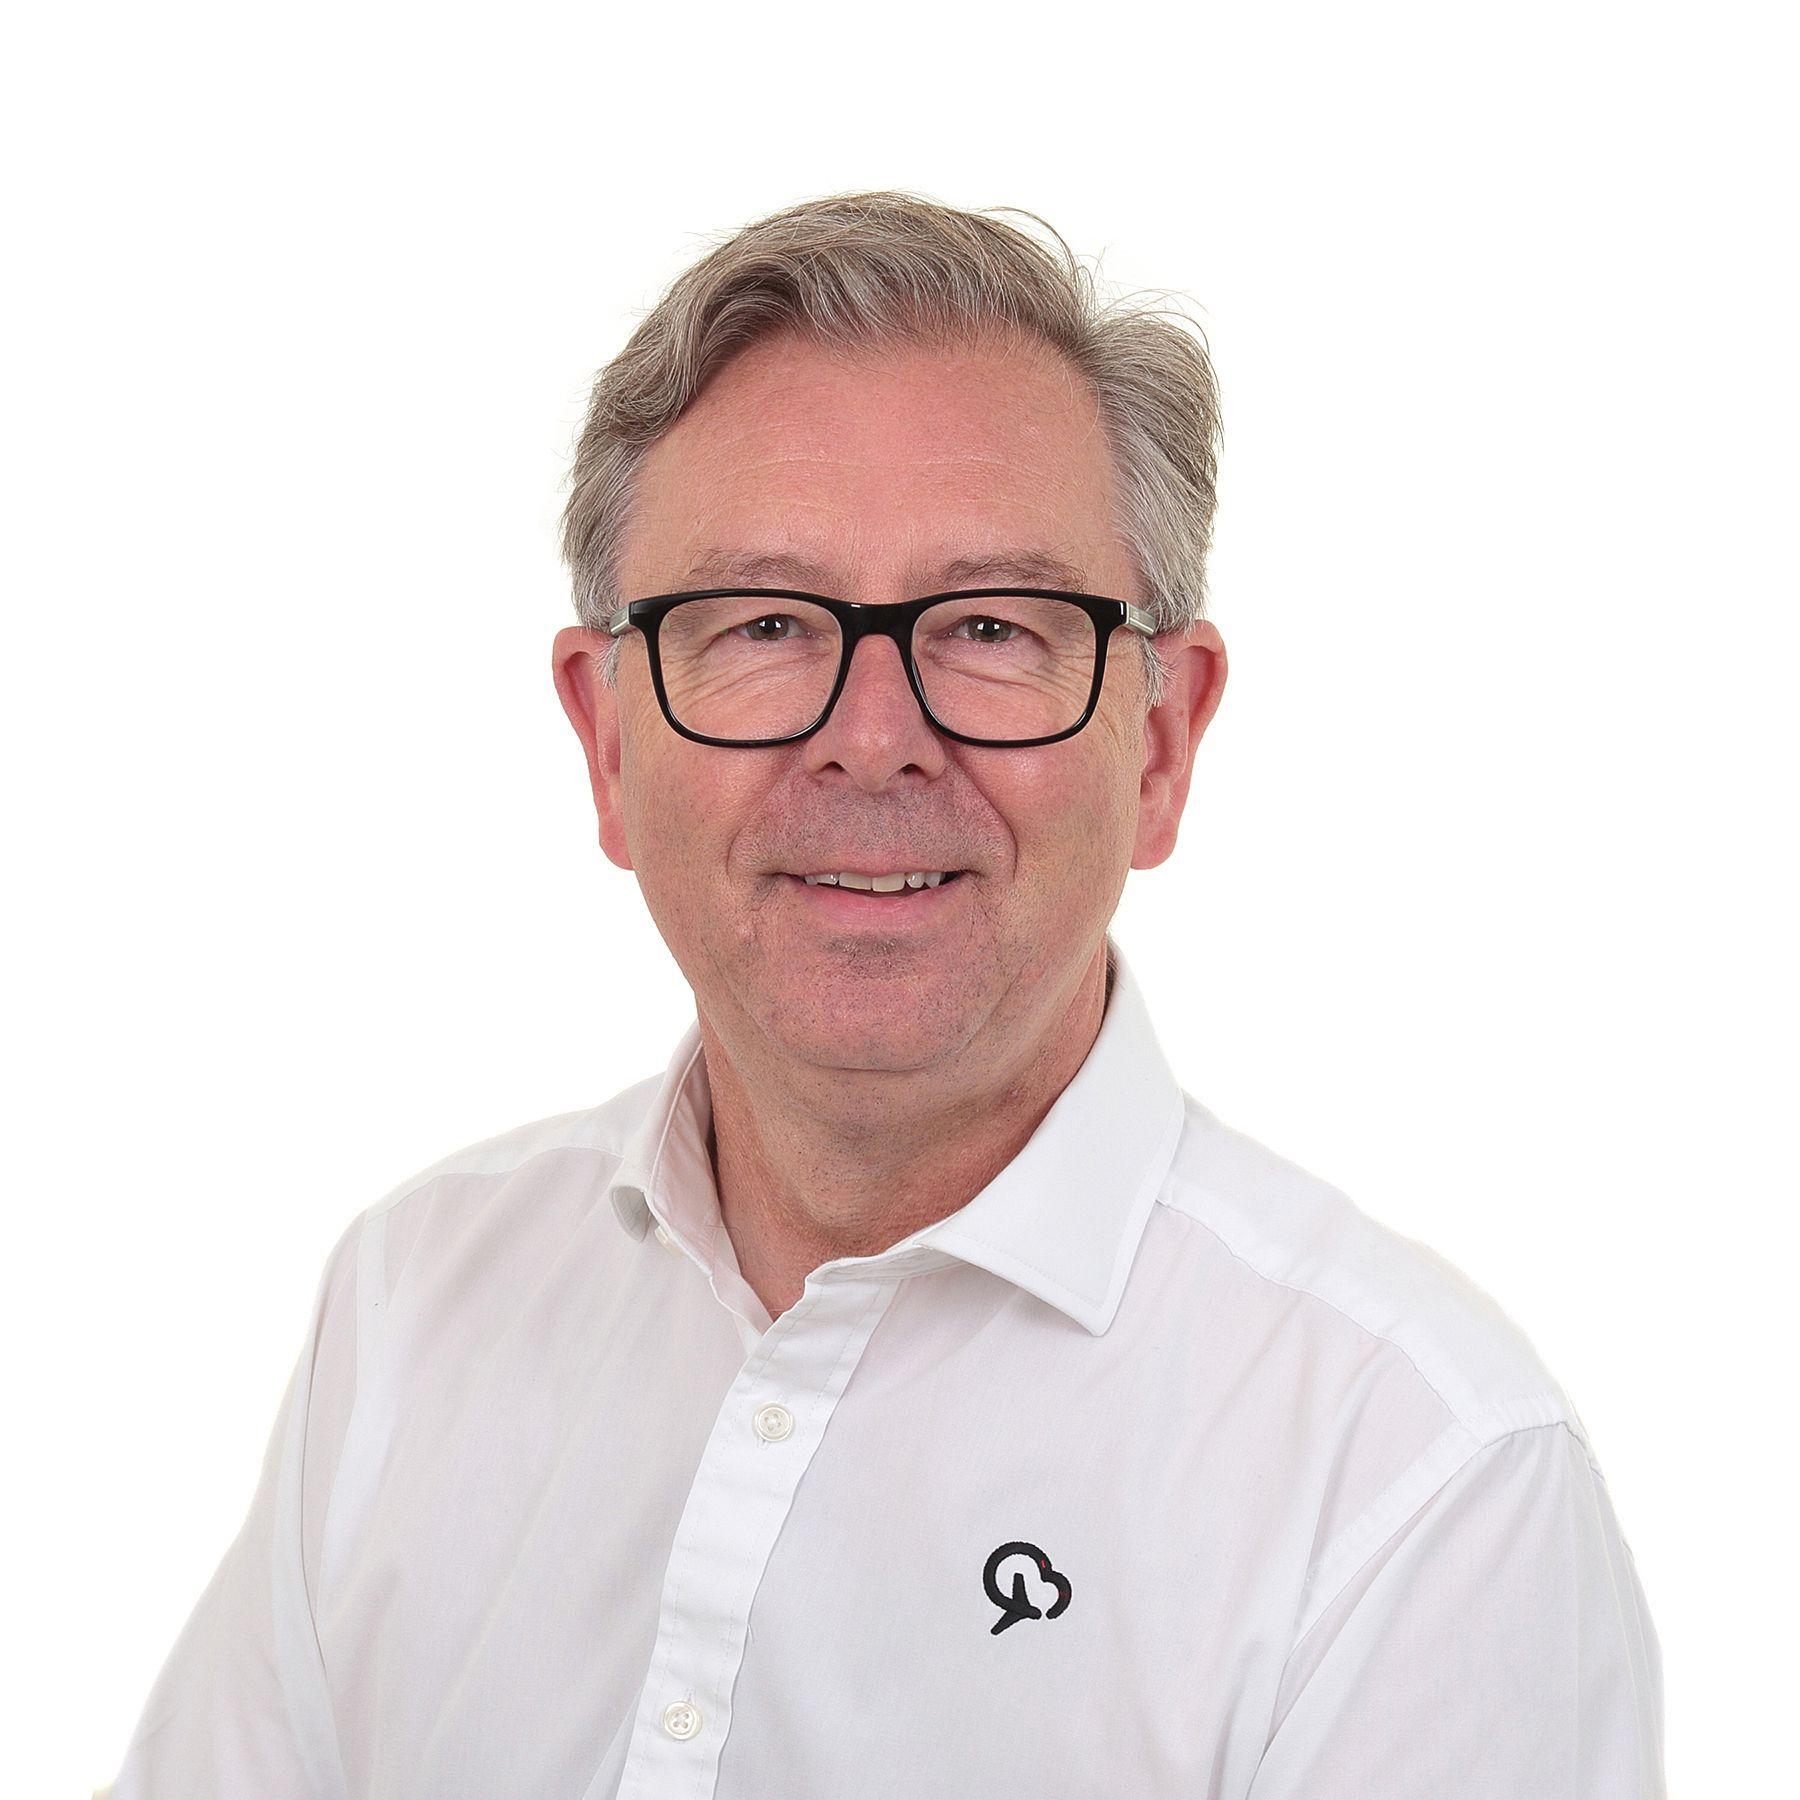 Photo of Ian Forde-Smith
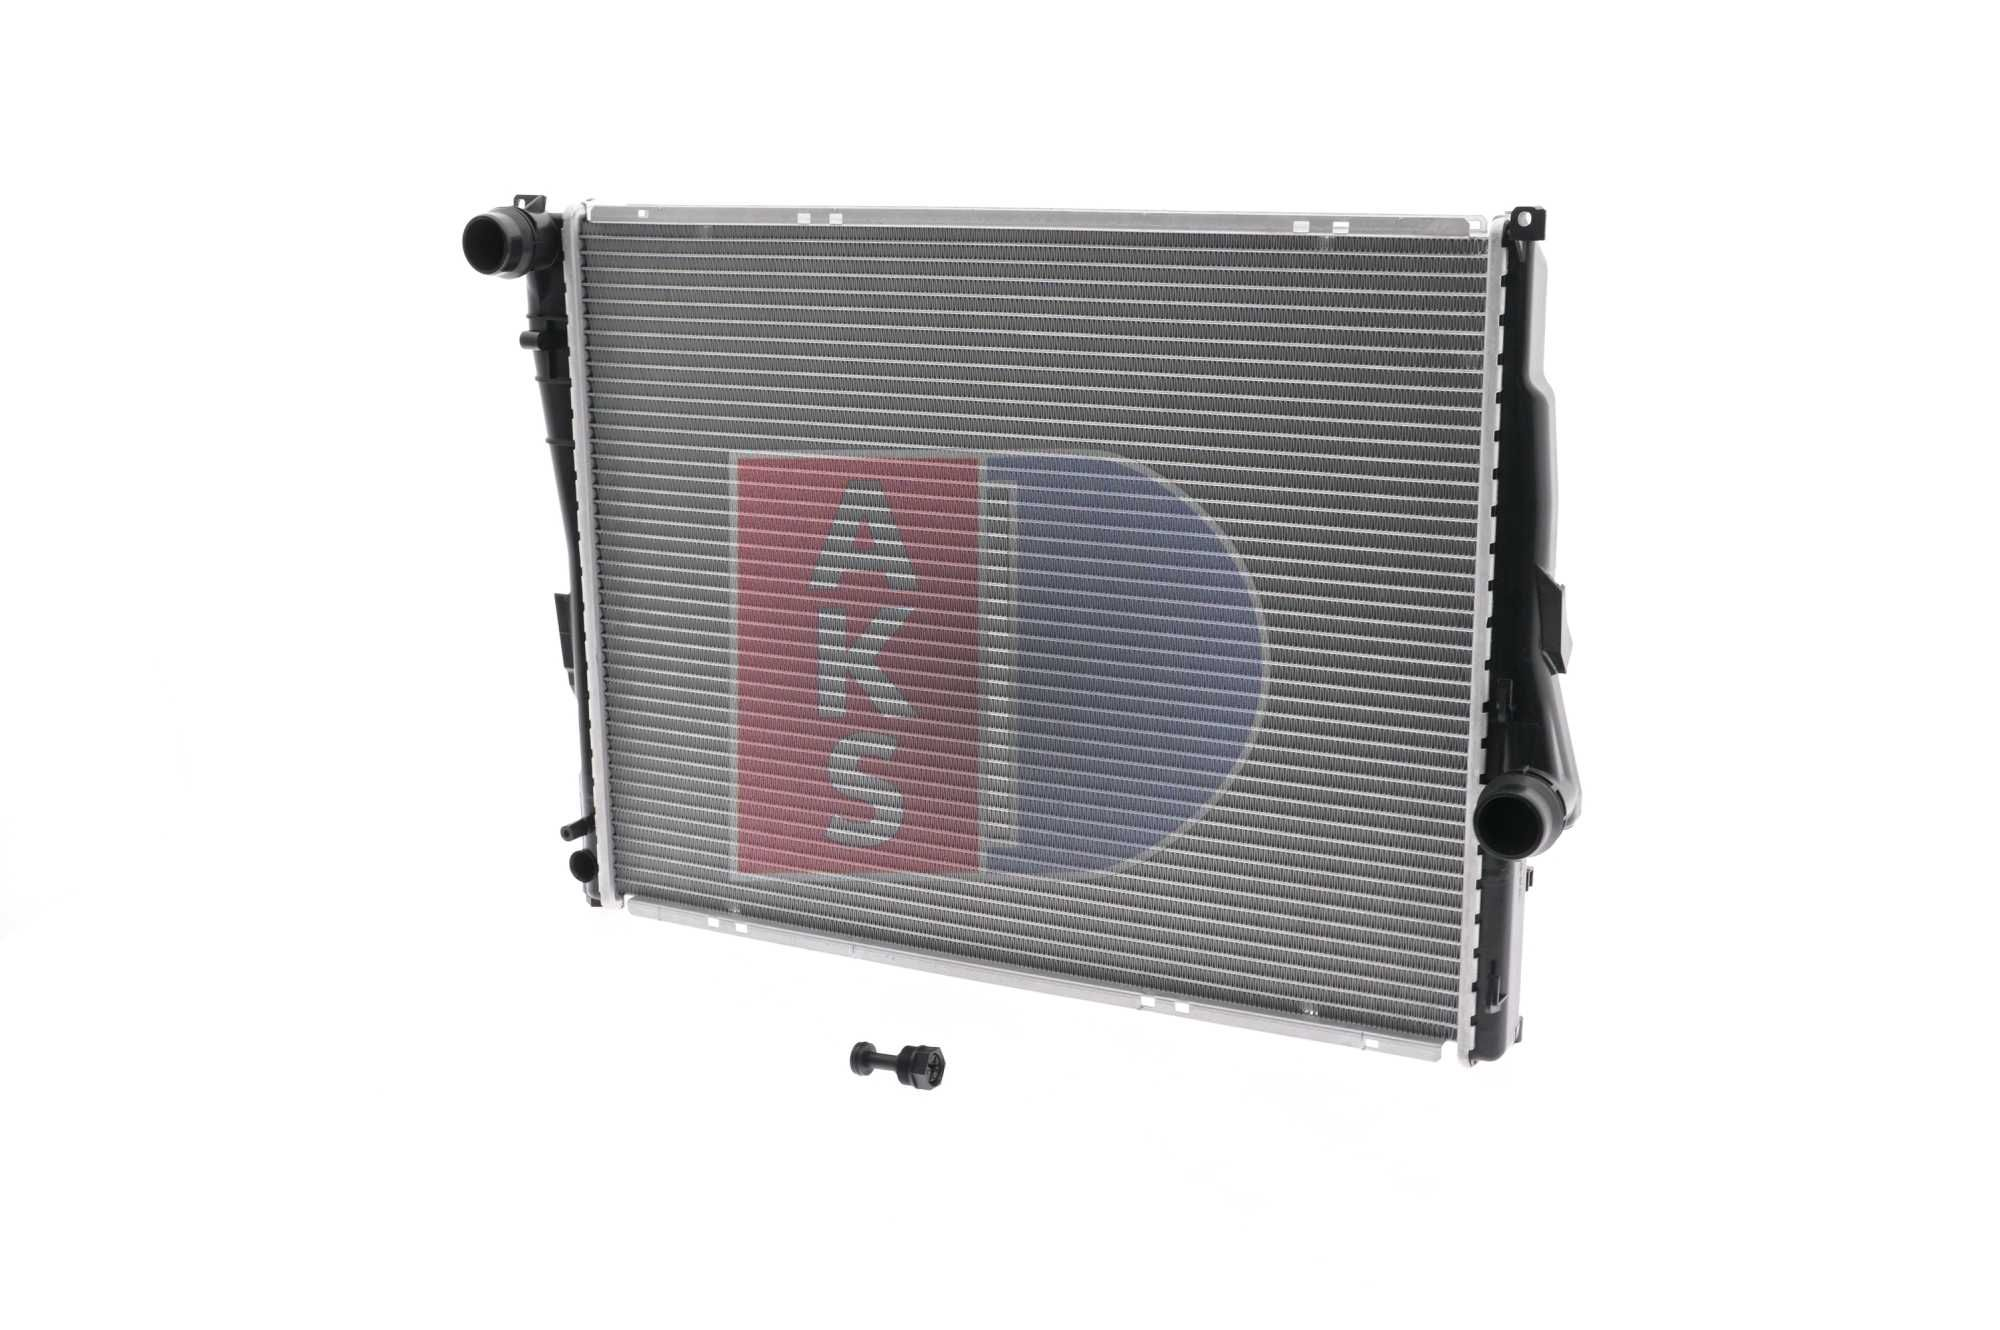 050004N Kühler AKS DASIS - Markenprodukte billig
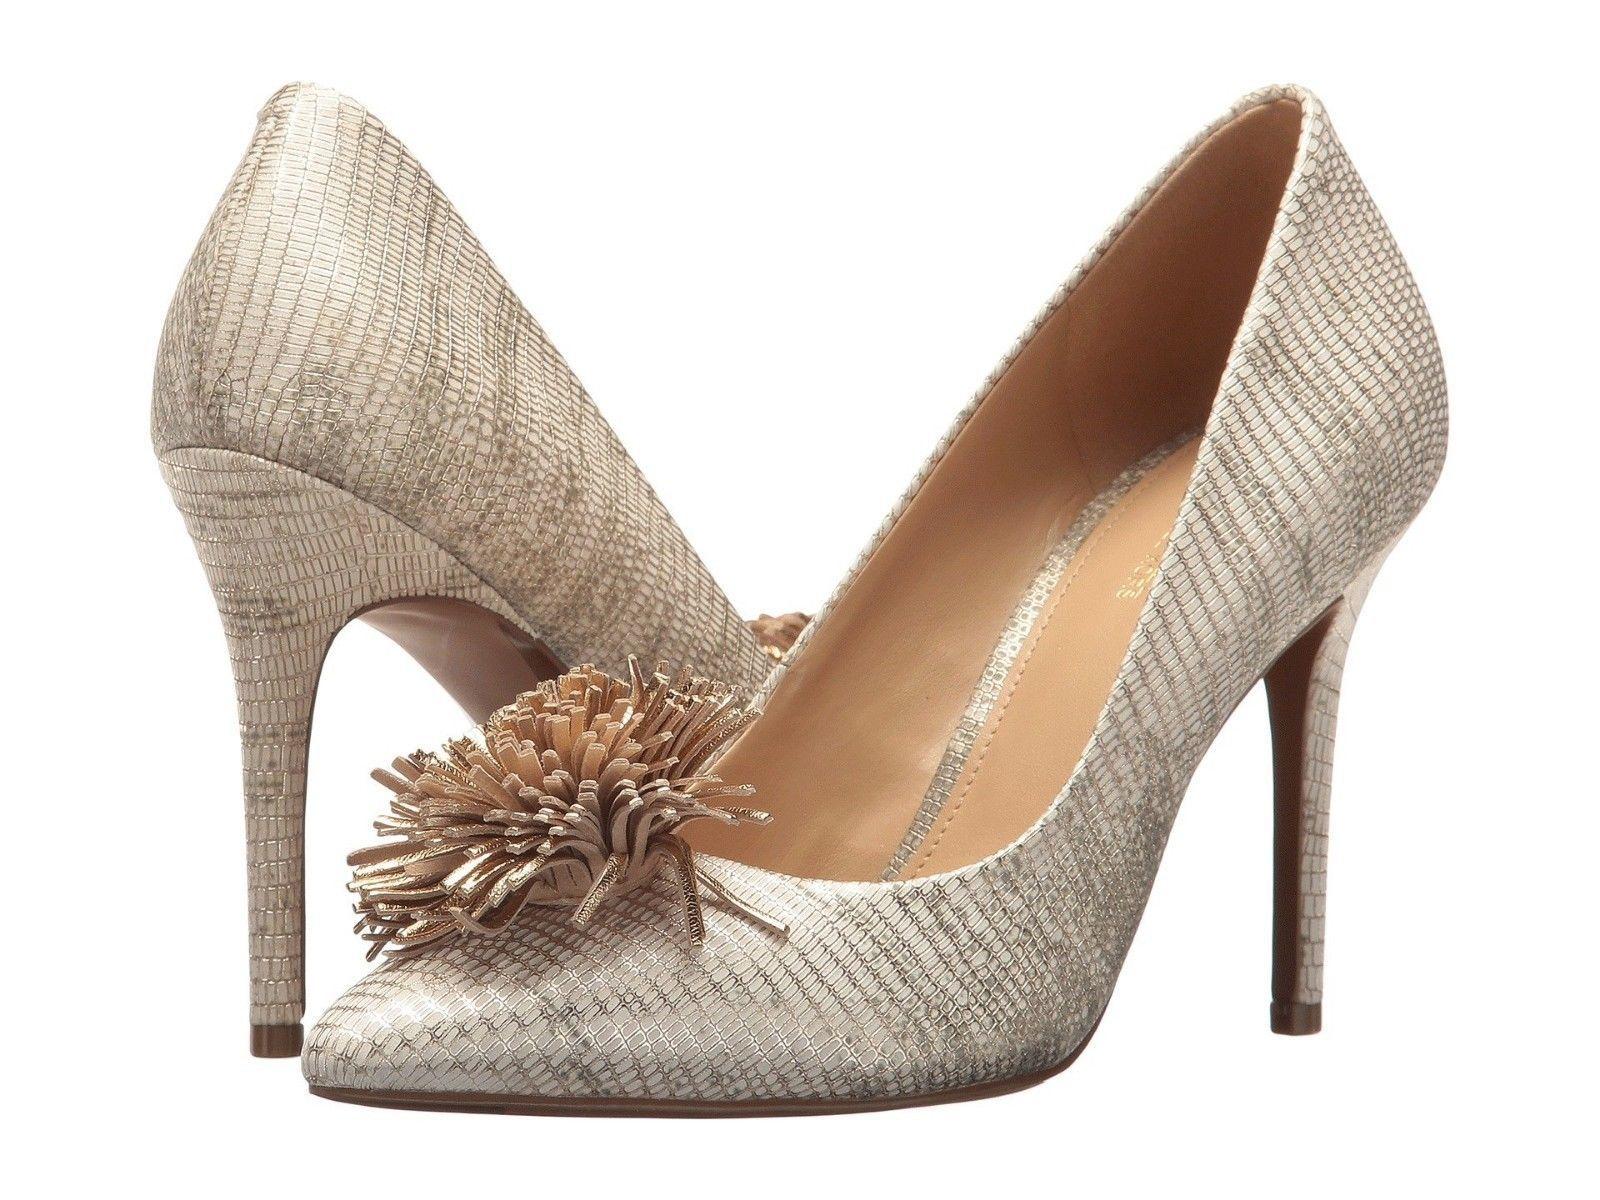 9c808081c5b MICHAEL Michael Kors Lolita Pumps Shoes Mult and 50 similar items

§ **Work task**
Your response must reproduce every line of the data exactly, with images omitted.

§ **Expected answer**
 Photo of Ian Forde-Smith
 050004N Kühler AKS DASIS - Markenprodukte billig
 9c808081c5b MICHAEL Michael Kors Lolita Pumps Shoes Mult and 50 similar items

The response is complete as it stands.